Since her jump-off as a buzzy SoundCloud artist in 2013, Banks’s music has always been evocative and haunting, from her signature layered vocal effect, which skirts the edge of exorcism-core (see: “Poltergeist”) to her percussive bass lines (“Judas”) and poignant love songs (the brand-new “What About Love”). The 31-year-old Tarzana, California, native, Jillian Banks, solidified herself as a witchy, glitchy alt-pop darling with her first two albums, Goddess and The Altar. Post-Goddess in 2014, Banks clawed her way from the peripherals of moody Spotify playlists to accrue a voracious following of sad girls and hopeless romantics — and over 1 billion streams.

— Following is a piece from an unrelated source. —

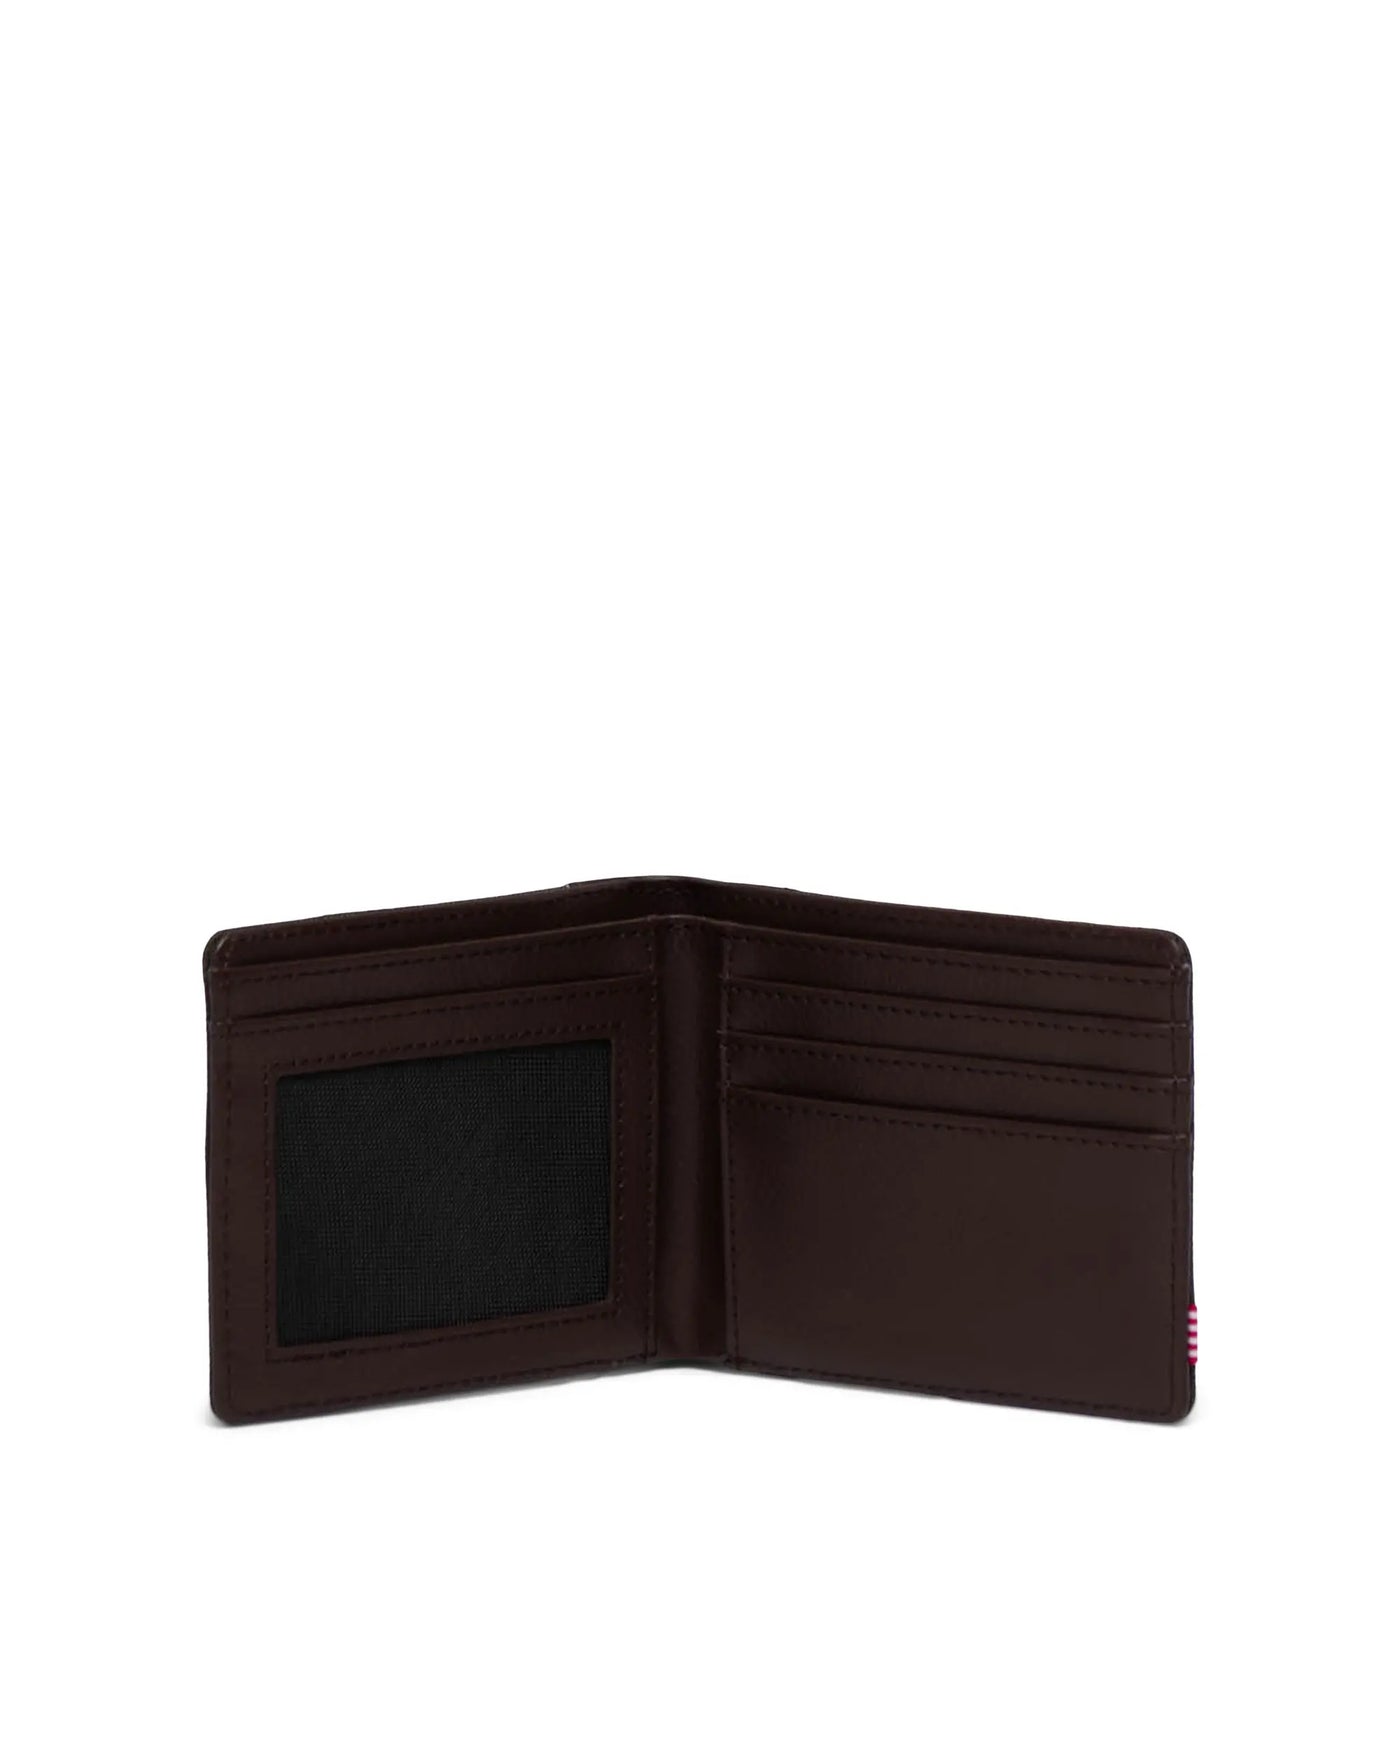 Hank Wallet - Ivy Green/ Chicory Coffee

Then, abruptly, she went off the grid. Banks took a few years off from releasing music: “I feel like I had the space and time to actually confront certain things,” she told me. She was open about her aversion to interviews, explaining they used to be “stressful” for her. How’d she get past it? “I took a break.” Now, she’s back with a starburst of creativity so supermassive that it leaked out of her headphones and onto the page; she’s publishing a book of poems to coincide with the release of III. The album and book have similar themes — growth, innocence, and life’s gray zones.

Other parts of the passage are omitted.